Various Wall Street analysts have pegged Amazon Prime’s penetration at between 40 percent and 60 percent of all U.S. households over the past year. Those figures would suggest plenty of room to grow.

But the shipping-and-entertainment membership service has skewed way more popular among higher-income households, meaning the onus has been on Amazon to make tweaks and changes to sell Prime’s value to those who don’t have as many disposable dollars to spare.

As of August 2016, 60 percent of U.S. households with income of at least $150,000 had Prime memberships, according to research from Cowen and Company.
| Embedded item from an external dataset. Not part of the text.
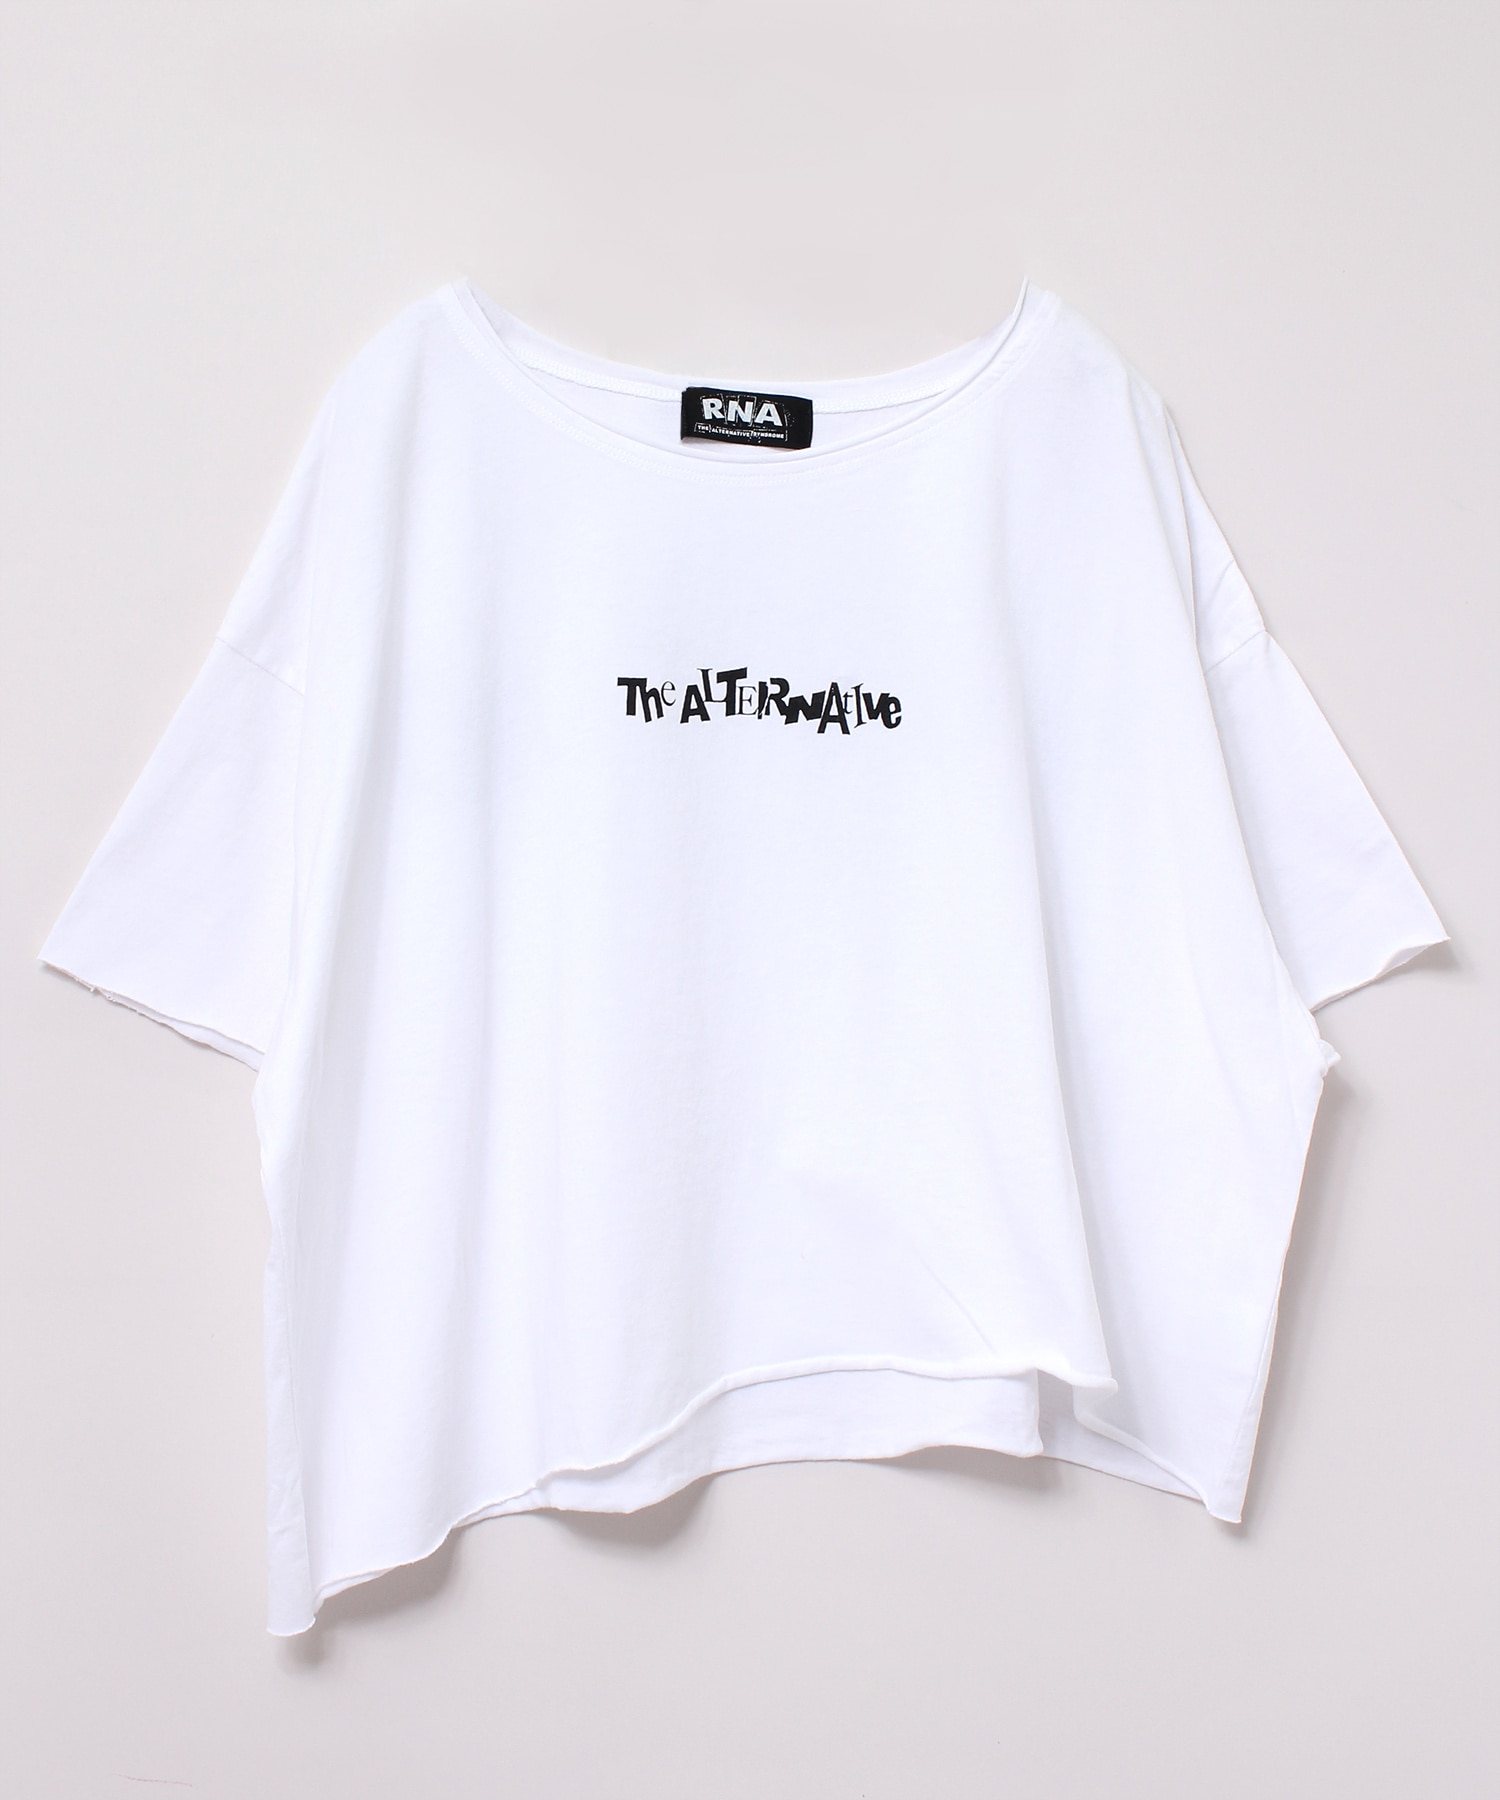 M1935 WITHSTANDカットオフTシャツ

Compare that with around 40 percent of households that made between $40,000 and $50,000 a year, and just 30 percent of those who earned less than $25,000.

Amazon, of course, knew these disparities better than anyone, and started making moves that same year to close the gap.

One of the first signs of the courtship of lower-income shoppers appeared in March of 2016, when Amazon introduced a monthly payment option alternative for potential Prime members who couldn’t, or didn’t want to, shell out the $99 annual fee in one shot. The catch at the time? You needed to be a Sprint wireless subscriber to get access to the $10.99 per month Prime payment option.

Just a month later, though, Amazon opened up the $10.99 option to all shoppers; earlier this year, Amazon raised that monthly fee to $12.99, citing the additional value and perks it continues to add to the program.

In 2017, Amazon unveiled Amazon Cash, a way for shoppers who don’t have credit or debit cards to load money into their Amazon accounts by handing over cash at partnering retail stores. In the process, one roadblock to shopping on Amazon for those without bank accounts was lowered.

Two months later, Amazon introduced a 45 percent discount to the Amazon Prime monthly fee for those shoppers who receive certain forms of government assistance; the service cost them just $5.99 a month. And just this March, Amazon added Medicaid recipients to the group eligible for that discount.

All the while, Amazon has continued to add selection to the massive catalog of goods available for free two-day shipping under Prime, and expanded the geographic areas that qualify for even faster delivery times.

There are some signs that the moves have been working. By early last year, Amazon Prime membership growth was strongest in the U.S. for households making less than $50,000 a year, according to a study by Robert W. Baird & Co. And Bezos said in this week’s shareholder letter that the company added more paying Prime members in the U.S. in 2017 than in any year prior.

Still, Prime’s overall growth rate in the U.S. is likely slowing, making it likely that Amazon will continue to introduce new options to make the service a no-brainer for everyone, and not just the well-off.